4. Cluster expansion: Next iterations
First, store the first iteration with the command:
$ cell store
You can improve your cluster expansion by adding the abinitio calculations of the structures in folders 18 to 20 found by the groundstate search.
$ cell calc_ab_initio
Now, there are three additional abinitio calculations, which can be added to build another CE with a higher predictive power (lower CV). The more abinitio calculations are included to build the CE, the better the predictions of the CE are expected to be. In order to build the CE based on the extended abinitio data, you can follow the optimization procedure explained in Section 3, with the following commands:
$ cell write_ab_initio
$ cell gen_clusters
$ cell gen_correlations
$ cell optimize_clusters
Once this improved CE is performed, we can proceed to do a new groundstate search:
$ cell gs_search 3,6,10,13 t
This new search gives you new LND structures (iteration 2). Following the iterative procedure, the abinitio calculations of the structures from iteration 2 can be added and after a new optimization of the cluster expansion, the groundstate search can be started as follows:
$ cell gs_search t
The iterative procedure of adding new abinitio data, optimizing the cluster expansion and performing a groundstate search can be continued until the CV is low enough to predict the groundstate configuration with a high accuracy.
Exercise
 Perform a new cluster expansion with finer parameters for the abinitio calculation.
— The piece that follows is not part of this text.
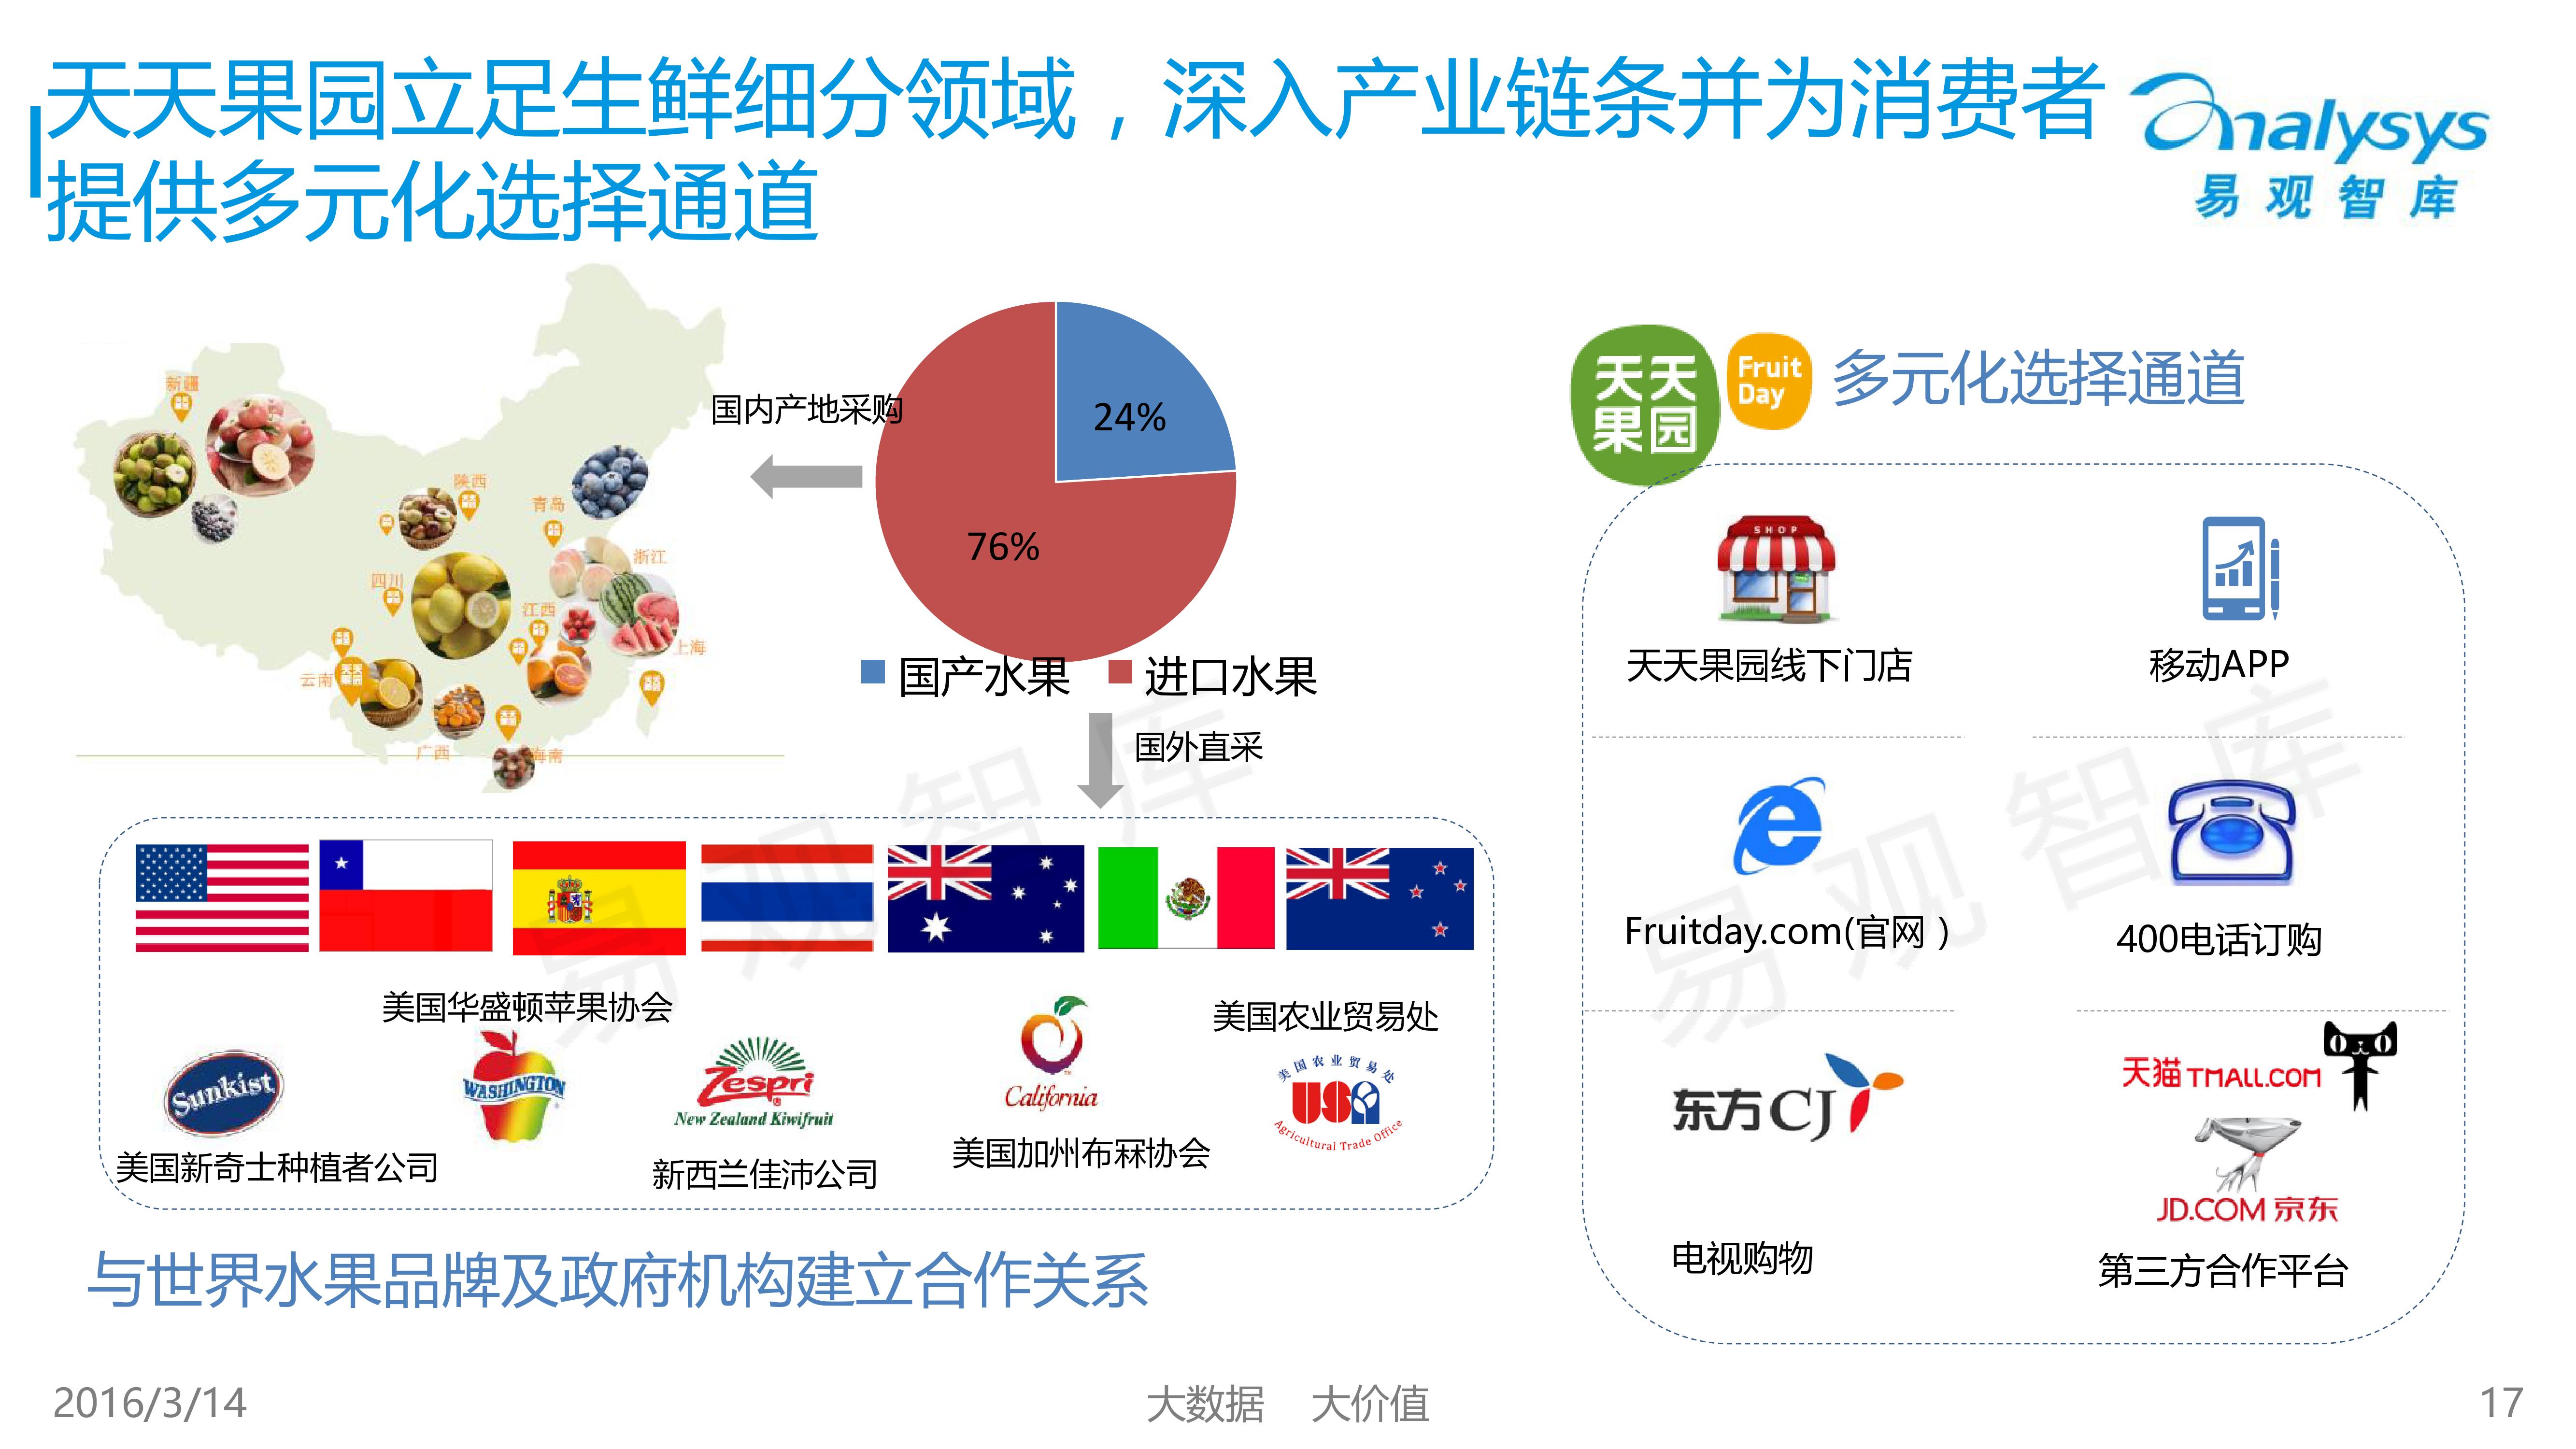 易观国际:2016中国生鲜电商市场年度盘点
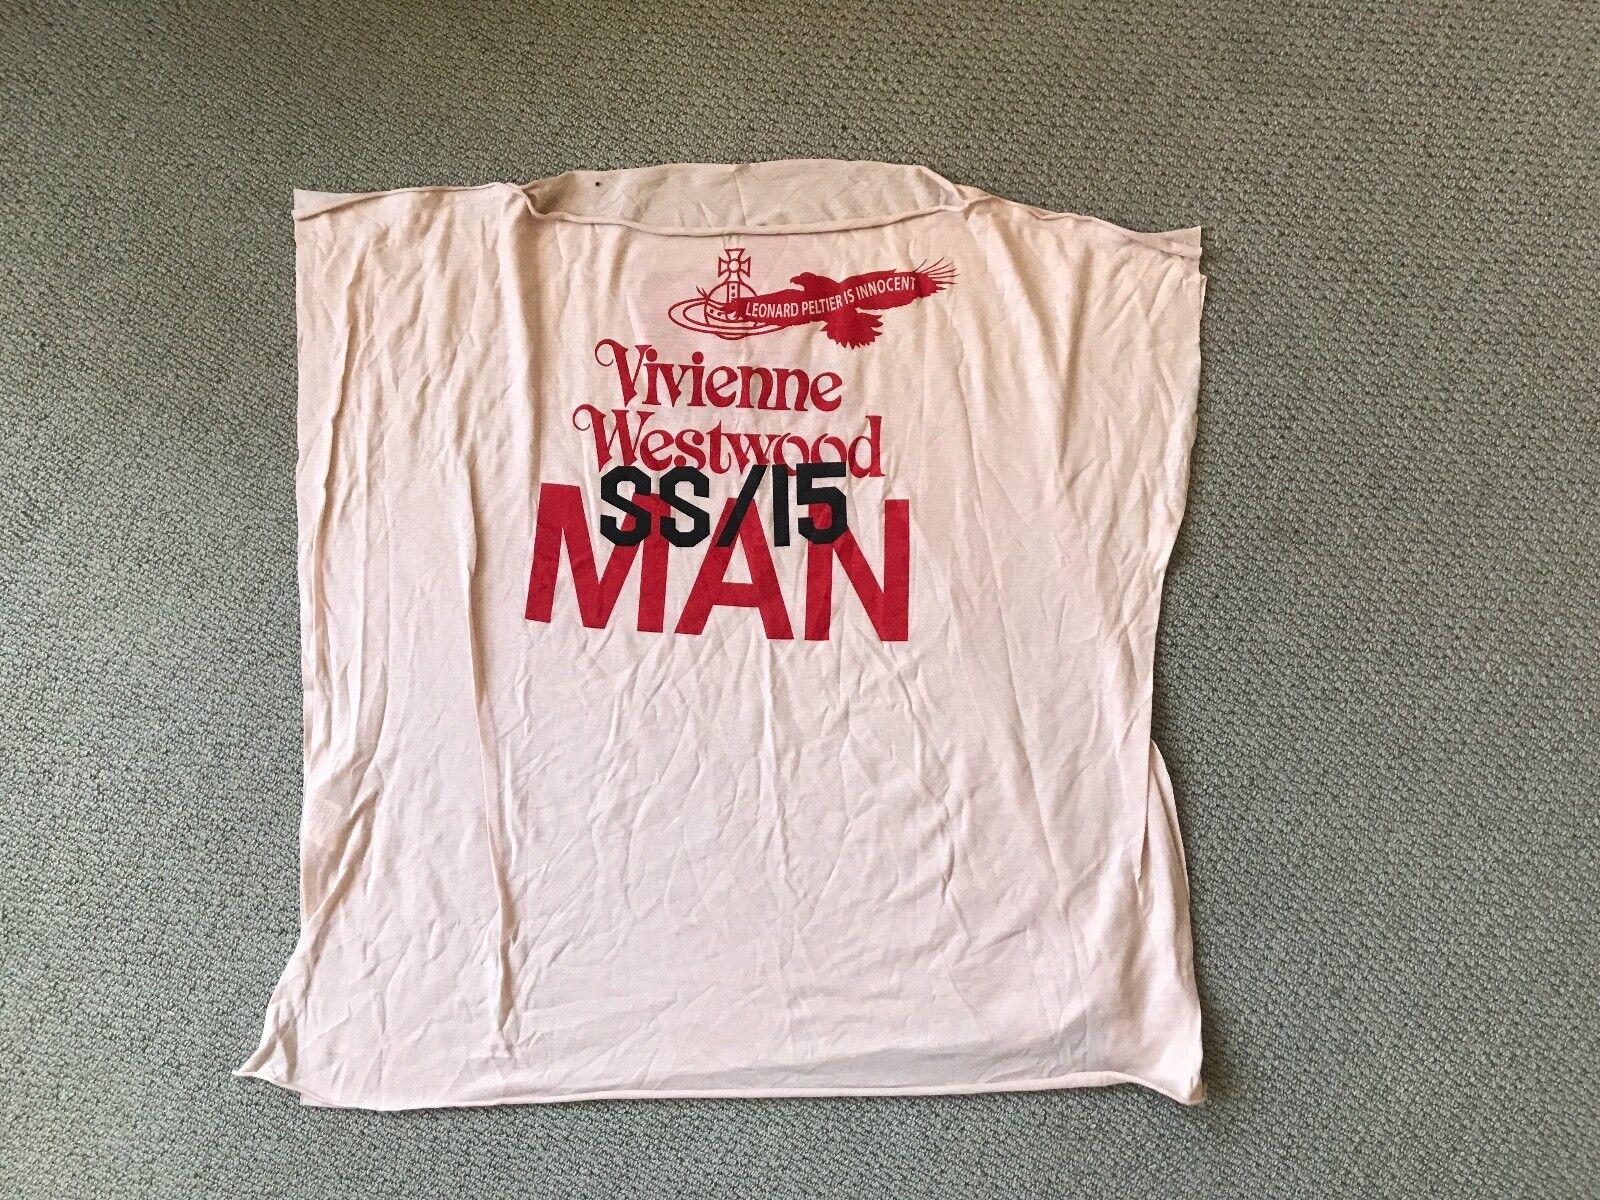 2015 Vivienne Westwood Man's Teeshirt

 To do so, create a new folder and copy the following files from the working directory SiGe inside it: config.py, lat.in, lat.in.met, exciting.wrap.xml, Si.xml, and Ge.xml
 To change the parameters of the abinitio calculations, go inside exciting.wrap.xml. For instance, you can increase the value of rgkmax or use finer kgrid. Be aware that more accurate calculations are also more computationally demanding.
 Start with the generation of random structures and follow the procedure explained above.
 Another suggestion is to change the size of the supercell, e.g., you could study a 4$\times$4$\times$4 supercell.